To paraphrase Korzybski, "the recording is not the Song." It's easy to lose sight of the fact that recordings are a relatively new cultural artifact. Before the advent of electro-mechanically reproduced sound, the concept of Song was drastically different from what we're currently accustomed to. A Song was not something that existed as a singular entity. A Song did not fit tidily on your shelf or hard drive. A Song was a more ethereal thing--a thing that existed outside of space and time in a sort of meta-musical Hilbert space. Once in a while, if the conditions were right, the Song might decide to materialize in local Euclidean space-time. It existed then and there, in that moment, ineffably bringing together performer and listener.
But heretofore, the whole course of music, from its first day to this, has been along the line of making it the expression of soul states; in other words, of pouring into it soul. Wagner, representing the climax of this movement, declared again and again, "I will not write even one measure of music that is not thoroughly sincere."

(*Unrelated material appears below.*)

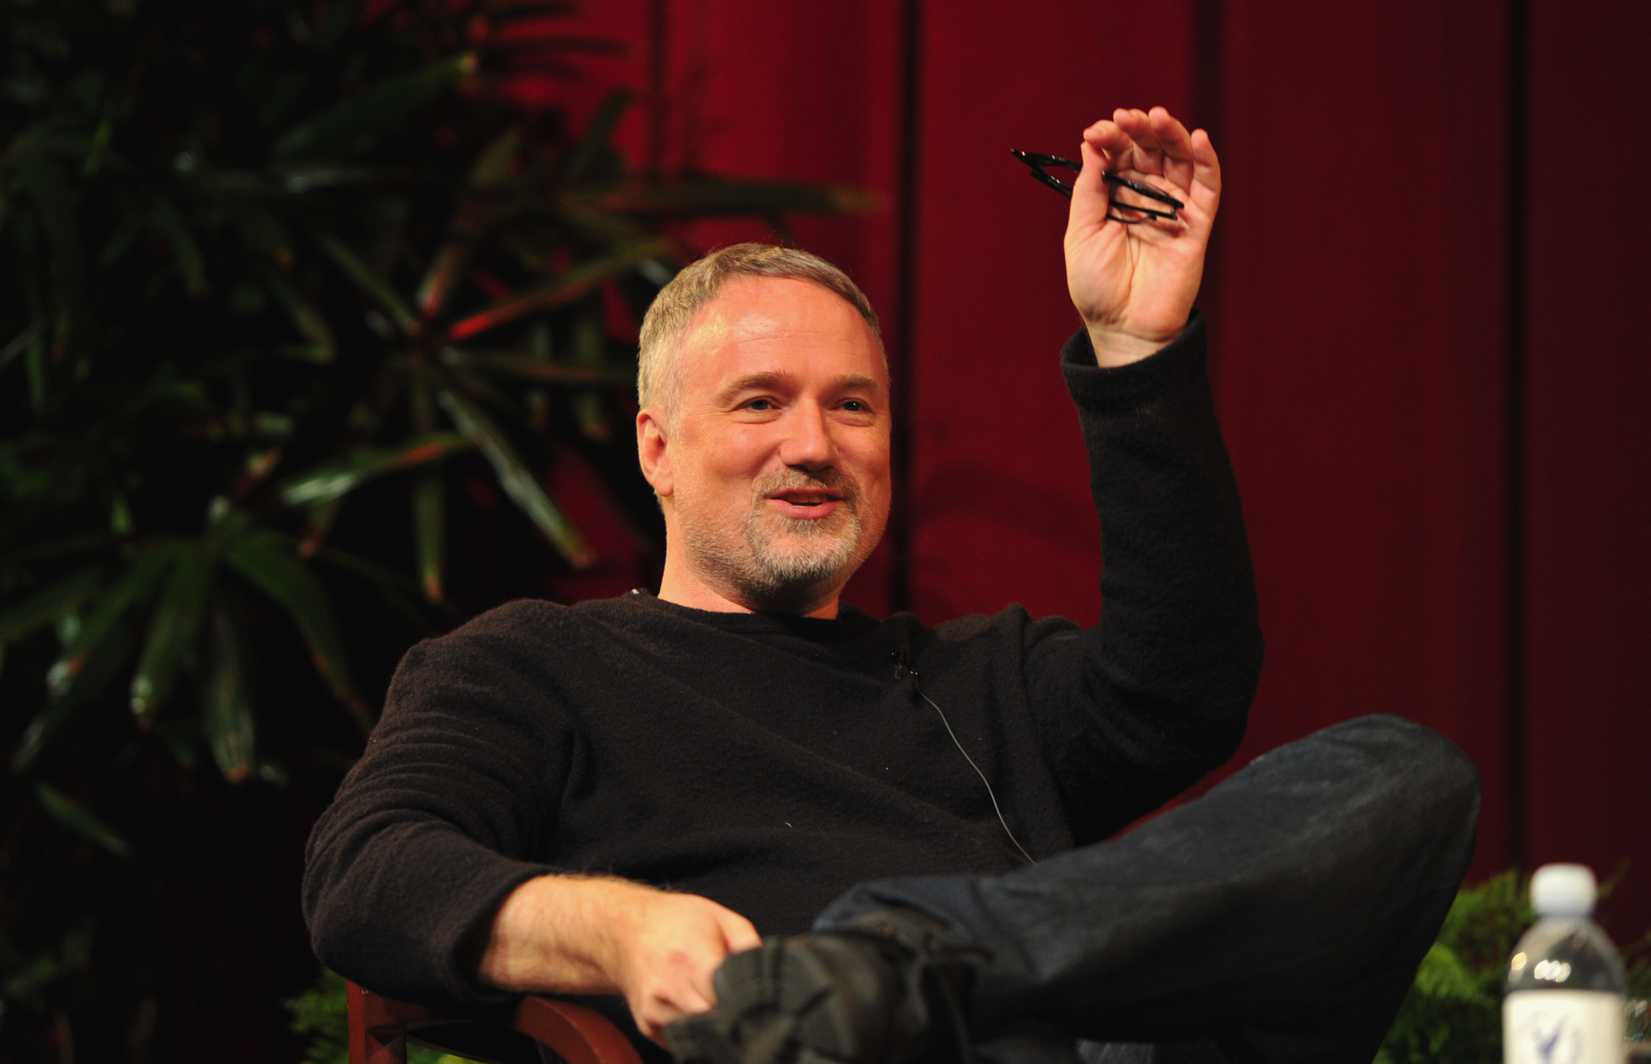 Director David Fincher speaks onstage at the 63rd Annual Directors Guild Of America Awards Feature Film Symposium held at the DGA on January 28, 2012 in Hollywood, California. (Alberto E. Rodriguez—DGA/Getty)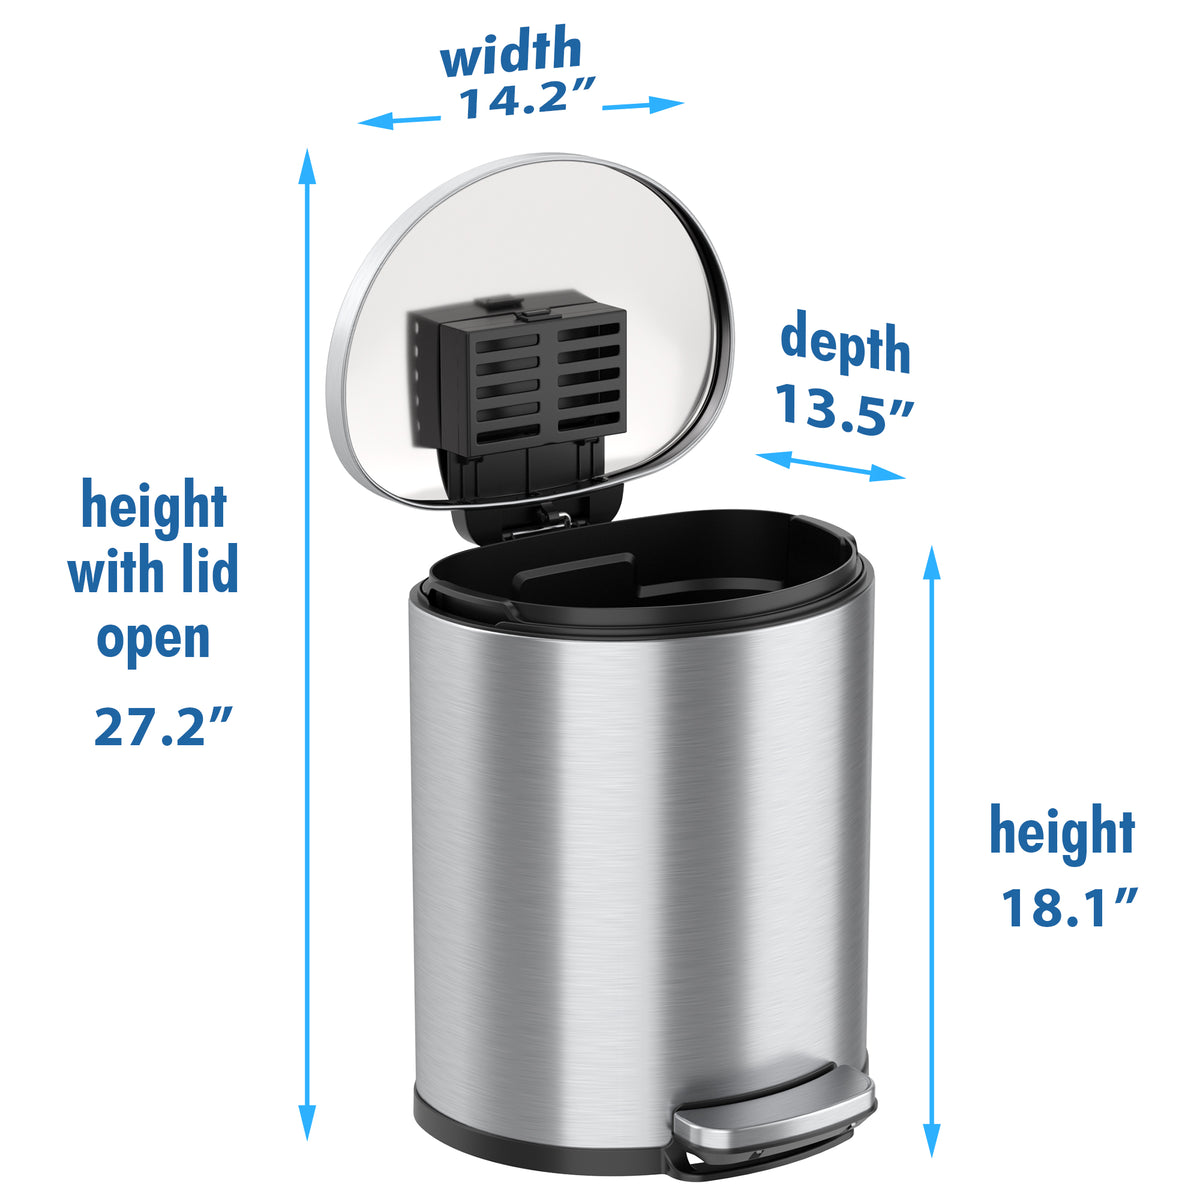 5 Gallon / 19 Liter SoftStep Semi-Round Step Pedal Trash Can

When a mother can turn on the phonograph with the same ease that she applies to the electric light, will she croon her baby to slumber with sweet lullabys, or will the infant be put to sleep by machinery?

- John Phillip Sousa, "The Menace of Mechanical Music," 1906
While Sousa's essay is a bit over-dramatic (as befitting his music), he recognized very presciently the dehumanizing effect of recorded music. He saw that as mechanical recordings replaced the folk pastime of music making, something important would be lost. This, however, is not to say that recordings are a Bad Thing--that would be short-sighted.

Even as I write this, I'm listening to recordings. Raheem DeVaughn, Caroline Smith and the Good Night Sleeps, The Tallest Man on Earth, Lil Wayne--all of this music is floating around me. I remind myself, though, that these recordings are not the songs themselves. That would make as much sense as saying that my 8th grade class portrait embodies who I am, right now, at this moment. That wallet sized photo is no more than a visual recording of who I was. To recognize that a recording is no more than a snapshot of a Song at a particular place and time: this, I think, is the important insight.

The Blind Pilot recording that I prefer exists only because of a broken acoustic guitar string and an electric guitar that happened to be lying around. The specific circumstances of the session are now archived in that recording. Like a Polaroid of a perfect day spent sailing the azure water off North Bimini, a song can remind us of the sublime moments in life. But just as fixating on a photo of a former-lover can distract from what is right in front of you, considering a recording as the Song itself limits one's access to the infinite potential contained within.